Grandson of Sigmund Freud, Lucian grew up in Germany before moving with his family to London, aged 11, in 1933. Despite having lived his working life in London, he still speaks with a strangely Germanic accent. As a child his main interests were drawing and horse riding. He nearly elected to become a jockey rather than be a painter. Having been expelled from Bryanston in 1938, he studied at the Central School of Art. He did not get inspired by the ‘depressing sub-Academician taught painting’ and after a term left for the East Anglian School, founded by Cedric Morris and Arthur Lett-Haines. It was a much freer environment there. Box of Apples in Wales and Landscape with Birds (both 1940) are two surviving works from this era.

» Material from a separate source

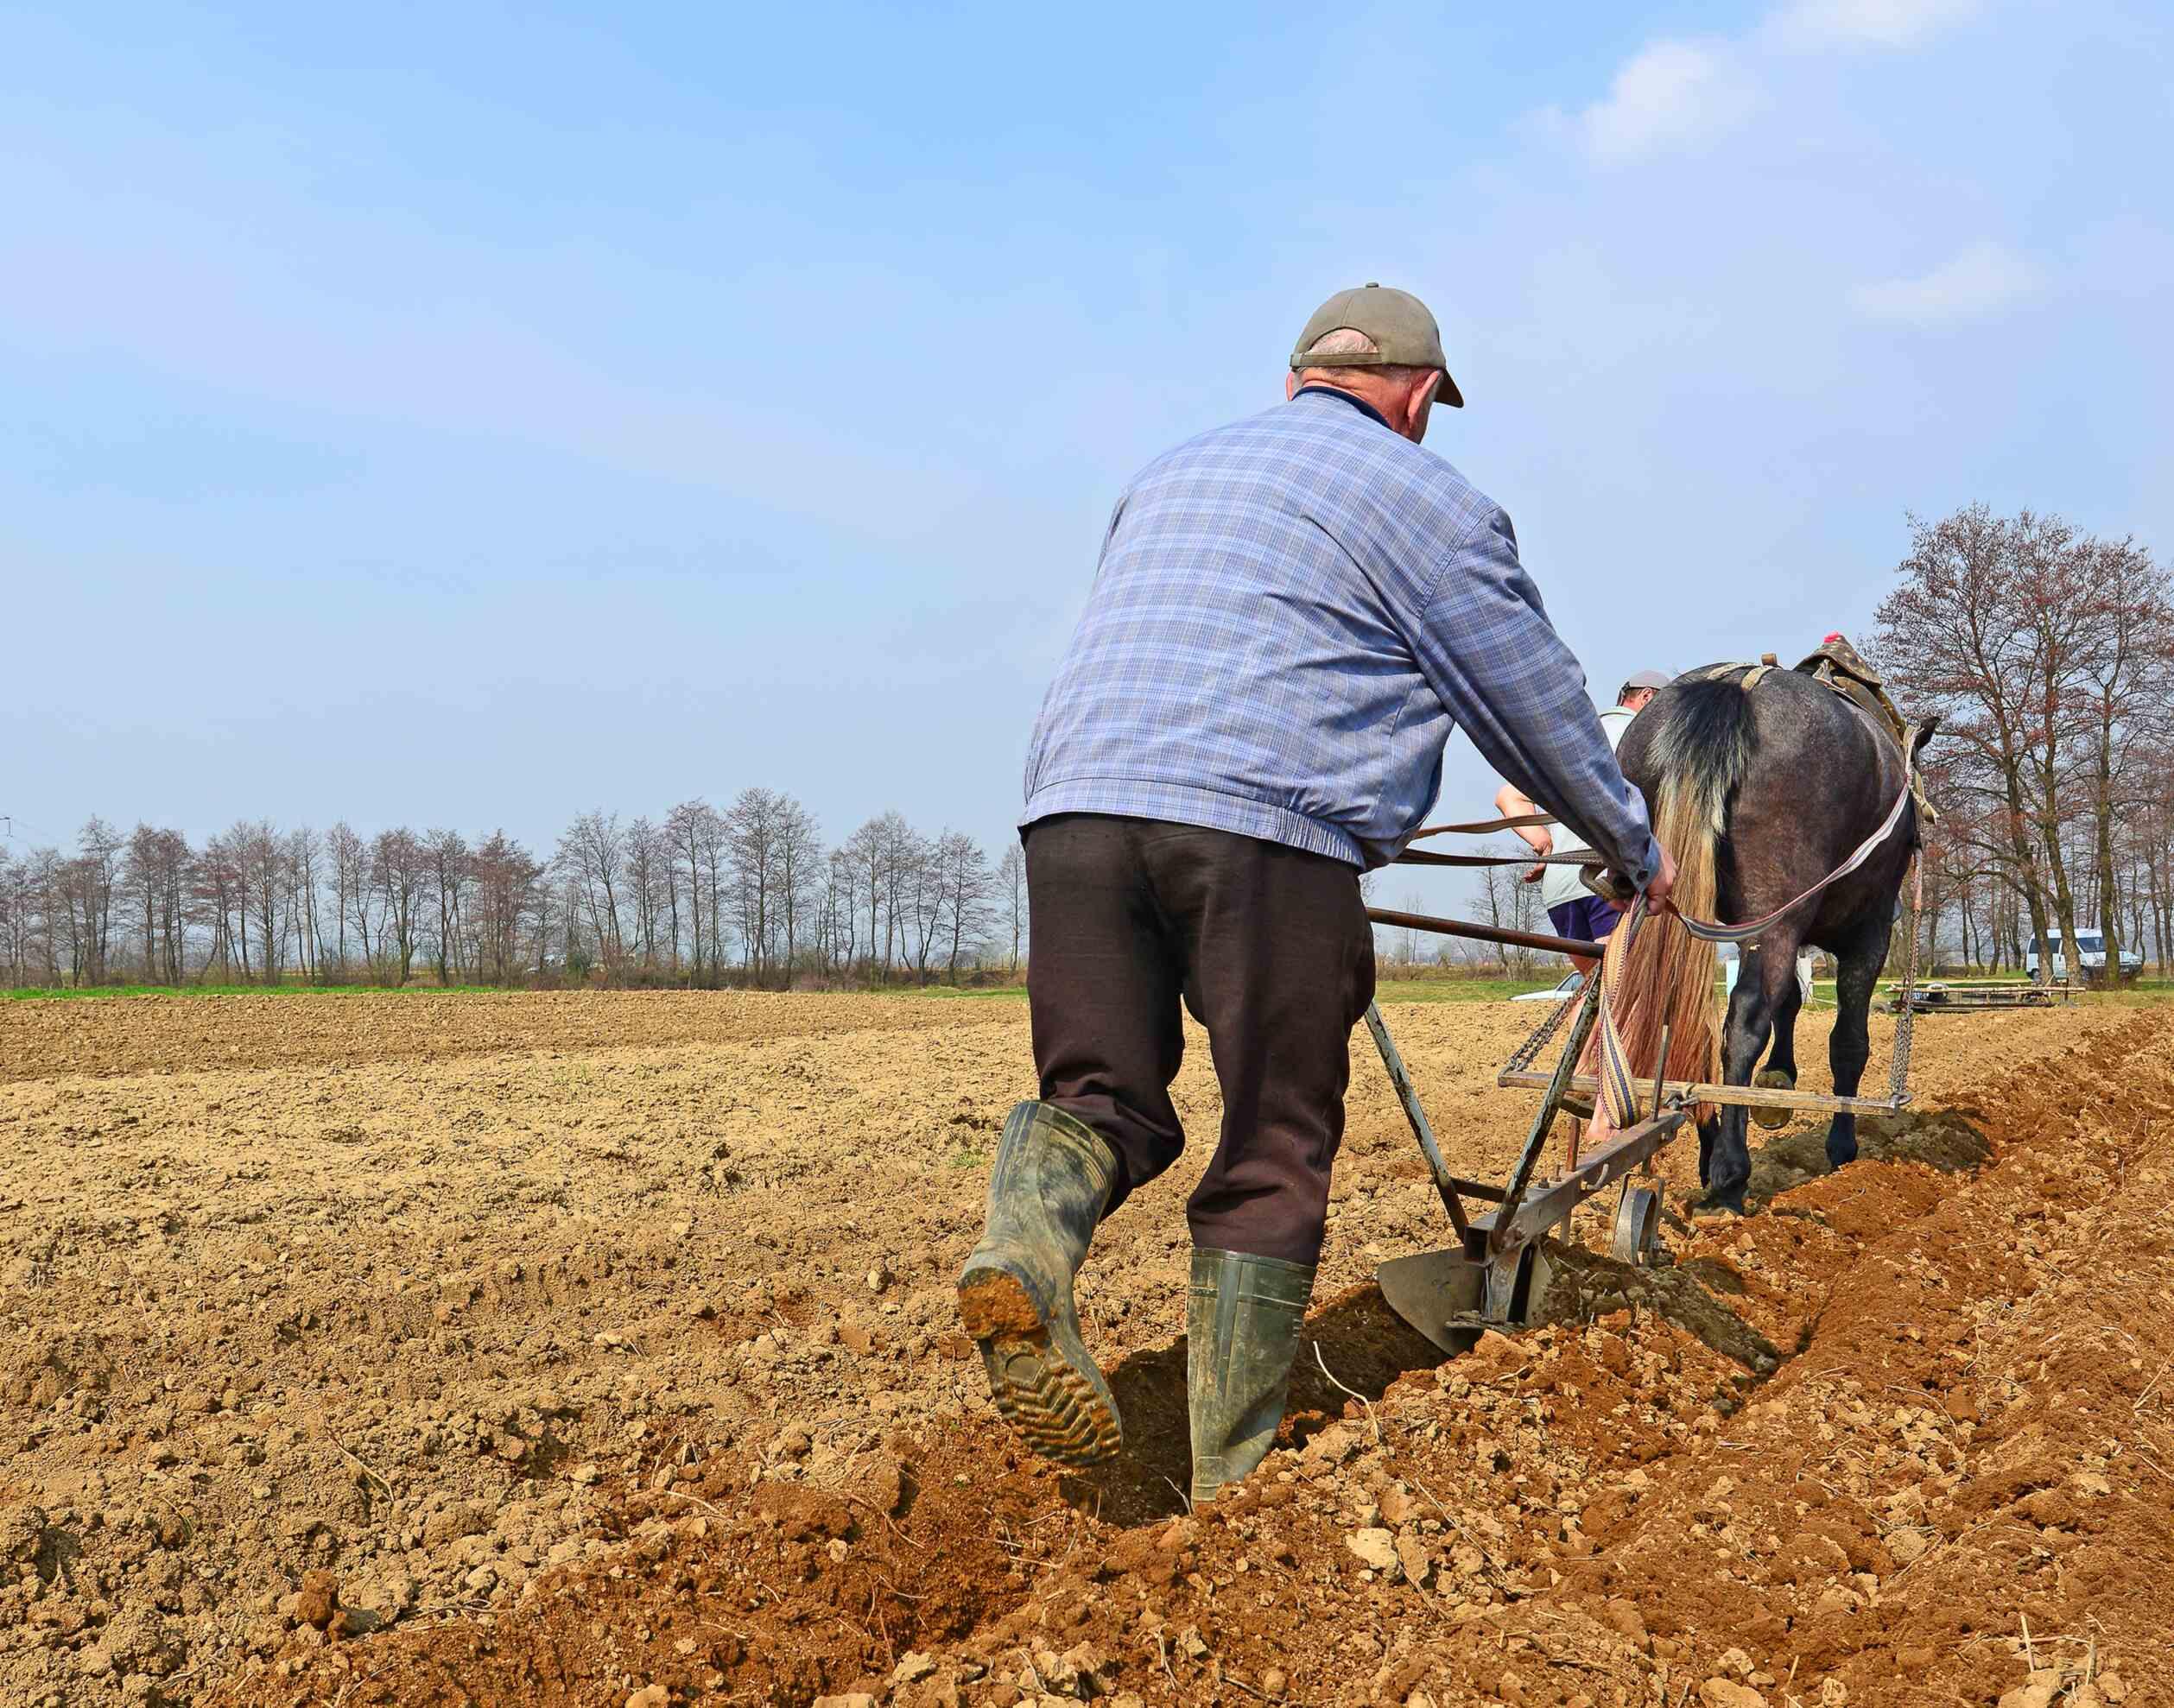 Farmer working the fields

His early work largely consists of closely observed and intricately detailed stylised figures. In Girl with Roses (1947-8) the big eyes and pale skin are combined with subtle minutiae, which suck the viewer into the composition. Each hair, each blemish of the skin, is painstakingly rendered. He is fearless about a new challenge or a new subject. The dog resting its head on a girl’s knee in Girl with a White Dog (1950-1) is breathtaking and nothing passed unnoticed by the inspection of Freud’s eye. ‘Sometimes when I have been staring too hard I’ve noticed that I could see the circumference of my own eye.’ What comes through most clearly in the whole exhibition is how he has dedicated a lifetime’s work to scrutiny. He realised in the sixties that he could paint whatever he chose provided he handled the paint correctly and looked sufficiently. It was decade of liberating experiences. The first was to stand when painting, banal though it seems, which really freed him. The second was to discover the nude. From that point on the nude became the basis of his work. The most triumphal change was to abandon his sable brushes and start to use hog-hair brushes and he started to adopt a freer, more vibrant approach that transformed his work. The masterpiece of the post-sable period is, in my opinion, Pregnant Girl (1960-1). The skin is more lucid and the brusquer marks are perfectly considered. The slightly grey tainted nature of the skin has always reminded me of old plaster, perhaps that is the effect sitting for so long has on his models.

He has always restricted himself to painting family and friends. Like Auerbach, he has regular sitters who are painted a number of times. The paintings of his mother are amongst the most exceptional of the paintings on display. In contrast to his self-portraits, they are immensely fluid and he appears to have been at ease with himself and the paint. The attention to detail and smoothness in The Painter’s Mother Resting (1976) is simply astounding. Although a little superficial in places, it shows a very strong mother to son relationship. This is in sharp contrast to his relationship with himself. He freely admits that he throws away more self-portraits than any other paintings. The self-portrait is the discovery of the illusive, which is blinded by the familiar. His struggle with the paint is obvious in his self-portraits and although this could be an illusion created by cremnitz white (a dense, lead based paint), it is still unavoidable. He is fighting a battle with failure, which requires an incredible strength to win. He succeeds in Painter Working, Reflection (1993) and the layers of cremnitz are apparent, especially in the densely worked neck. His most recent, Self-Portrait, Reflection (2002, still wet at time of hanging), is one in which he loses the battle. The figure seems to have had its energy taken out of it. The failure of the artist comes out in the appearance of the paint and the image. It is hard to pinpoint the problem exactly but it just doesn’t seem to have that arresting nature, which is so ubiquitous in his other works. His grandest single portrait series are the paintings of the gay performance artist Leigh Bowery. He was huge both physically and in character. Freud captures perfectly the undulations and tones of his flesh in Leigh Bowery (Seated) (1990). The foreshortening of the left knee and the shimmering torso are two eye-catching elements. ‘The subject is raw, not cooked to be more digestible as art, not covered in a gravy of ostentatious tone or colour, not arranged on a plate as a “composition”’. These words from Frank Auerbach brilliantly describe this period in Lucian’s painting.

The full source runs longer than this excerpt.